- Traditional Chinese: 司馬彪
- Simplified Chinese: 司马彪

Standard Mandarin
- Hanyu Pinyin: Sīmǎ Biāo
- Wade–Giles: Ssu-ma Piao

Yue: Cantonese
- Yale Romanization: Sīmáh Bīu
- Jyutping: Si1 maa5 Biu1
- IPA: [si˥ ma˩˧ piw˥]

= Sima Biao =

Jin dynasty historian and noble

Sima Biao (; between 238 and 246 (Note: His biography states that at the time of his death, he was "sixty-something". Book of Jin 648.) – 306? (Note: His biography states that he died towards the end of the reign of Emperor Hui of Jin, without stating a specific year. Book of Jin 648.)), style name Shaotong (紹統), was an historian and nobleman during the Jin dynasty of China.

==Biography==
Born under Cao Wei, Sima Biao was the eldest son of Sima Mu (司馬睦), Prince of Gaoyang. His grandfather was Sima Jin (司馬進), younger brother of Sima Yi. This made Sima Biao one of many second-cousins to Emperor Wu of Jin, grandson of Sima Yi and founding emperor of the Jin dynasty. Although the eldest son, Sima Biao was disinherited by his father due to his love of leisure and sex, pushing him onto a scholarly career path.
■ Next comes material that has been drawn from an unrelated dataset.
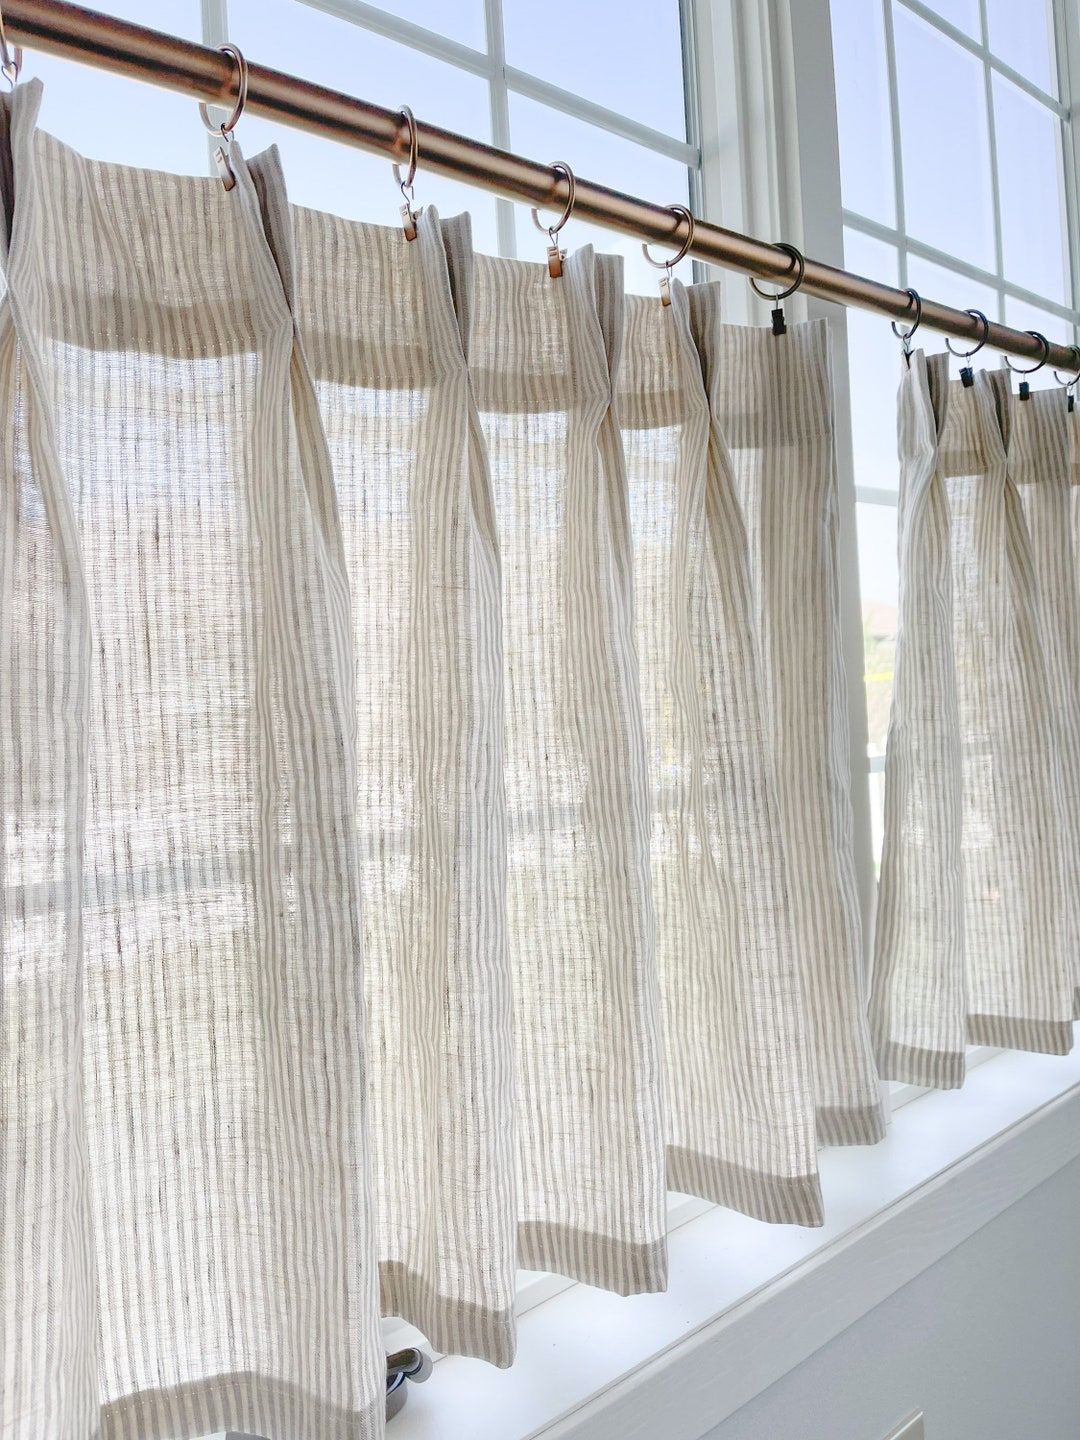 Kitchen Couture: Elevate Your Space with Kitchen Curtains

Appointed to minor sinecures, he began to work on literature and history, annotating the Zhuangzi and the Huainanzi, and writing the Chronicles of the Nine States (九州春秋; Jiuzhou Chunqiu). Lamenting the absence of a coherent history of the Eastern Han, Sima Biao began collating various sources into what would become his greatest work, the Continuation of the Book of Han (續漢書), covering the two hundred years from Emperor Guangwu of Han to Emperor Xian of Han. He also edited Qiao Zhou's Examination of Ancient History (古史考), altering over two hundred events so they would comply with the Bamboo Annals.

==Works==
Sima Biao's Continuation of the Book of Han was one of many attempts during the Jin dynasty to create a history of the Eastern Han. Like most traditional Chinese histories, his book was arranged into annals and biographies, along with eight treatises, and ran to a total length of 80 fascicles. Of these, all have been lost but the five volumes of treatises, on the topics of the calendar, ceremony, rituals, astronomy, the five phases, geography, bureaucracy, vehicles, and clothing. These have been incorporated into Fan Ye's Book of the Later Han, and Sima Biao is sometimes credited as a coauthor on that work.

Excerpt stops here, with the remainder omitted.